25 Kasım 2014 Salı

Bir hoca/Bir öğrenci:

Türkiye’de yayınlanmış olan en iyi romanlar

“Türkiye’de yayınlanmış olan en iyi romanlar sizce hangileridir?” sorusunu İktisadi, İdari ve Sosyal Bilimler Fakültesi Sosyoloji Bölümü Öğretim Üyesi Yrd. Doç. Dr. Kaya Akyıldız’a ve öğrencisi Buket Onaran’a sorduk. İşte iki ismin yanıtları

Farklı fakültelerden bir öğretim elemanı ve öğrencisine çeşitli konularda “Türkiye’nin enleri”ni soruyoruz. Bu haftaki konumuz, en iyi romanlar.

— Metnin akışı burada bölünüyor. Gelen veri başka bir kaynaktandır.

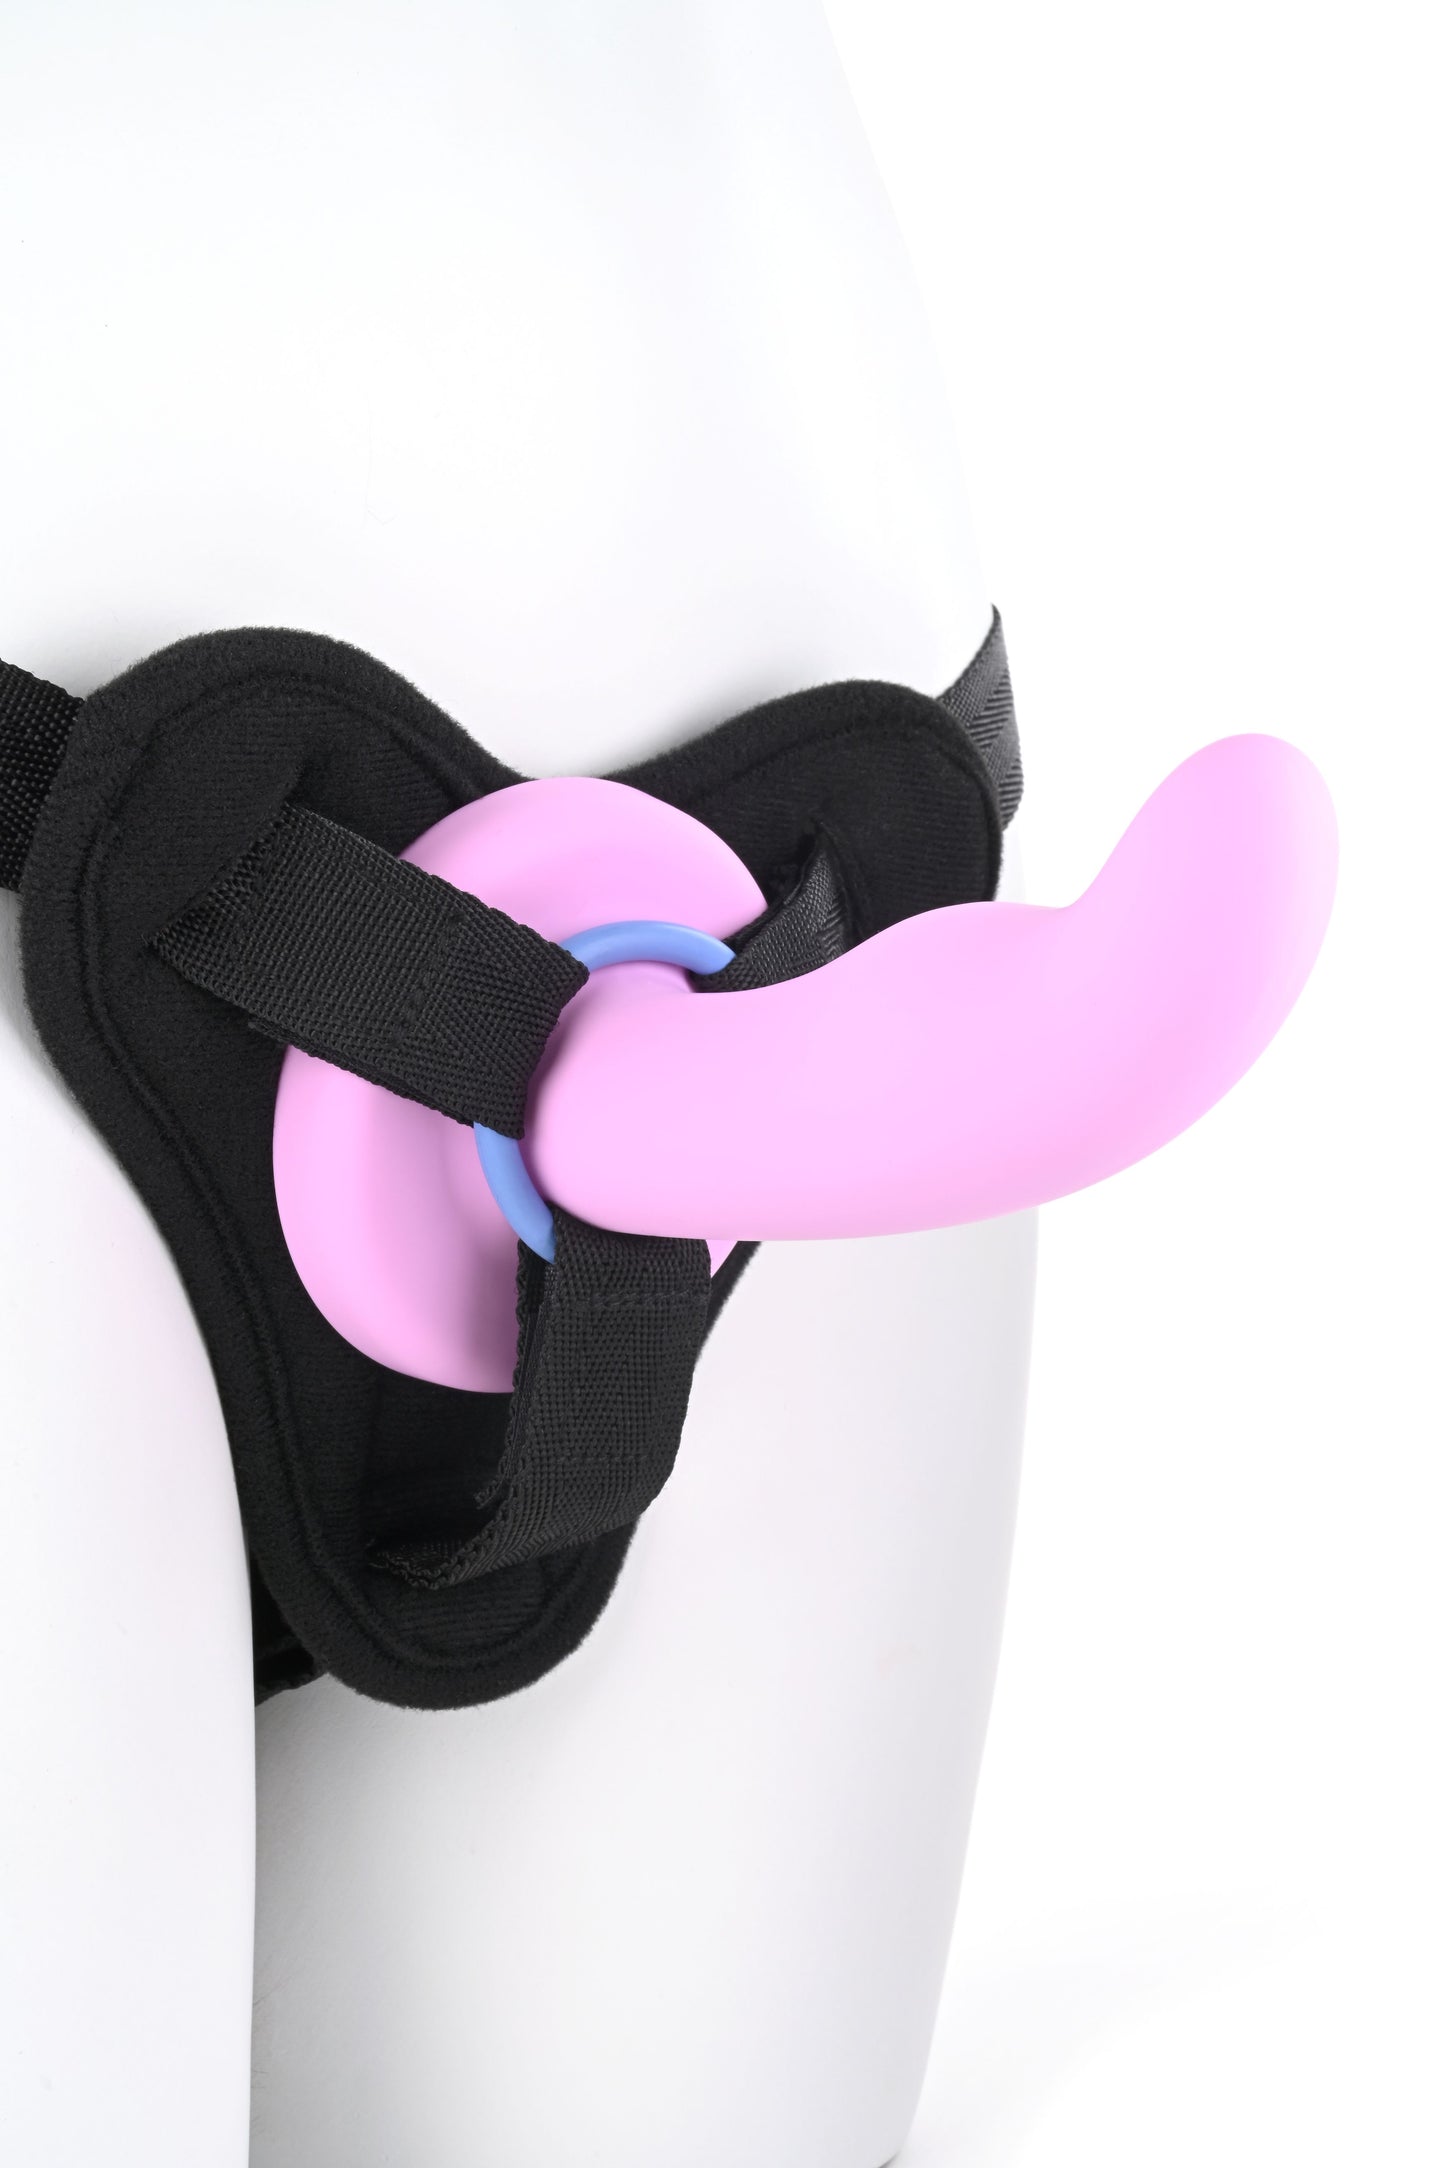 Close-up of the bottom portion of a mannequin wearing a harness with a dildo and using one of the O-rings (periwinkle).

Sosyoloji Bölümü Öğretim Üyesi Yrd. Doç. Dr. Kaya Akyıldız

Murat Uyurkulak - Tol

Murat Uyurkulak’ın Tol romanında “yetenek gösterme gayreti olmadığını” belirten Akyıldız, “Yazar sanki yazı yazmamış, kusuyor gibi. Dağlanmış ve bize bir şeyler anlatıyor” diyor. Yazarın okuyucuya kaybeden bir karakteri anlattığını hatırlatıyor ve ekliyor: “Yazar, tasvir ettiği dünyanın ne kadar felaket ve kötü olduğunu anlatıyor. Aslında bu dünya içinde yaşadığımız toplum ve dünya. Bunu göstermesi benim açımdan çok önemli. Bu kitapta bir öfke var ama bir süre sonra bu öfkesini de sürdüremiyor gibi. Zaten kaybettiğini bildiği için anlatmaya başlıyor.”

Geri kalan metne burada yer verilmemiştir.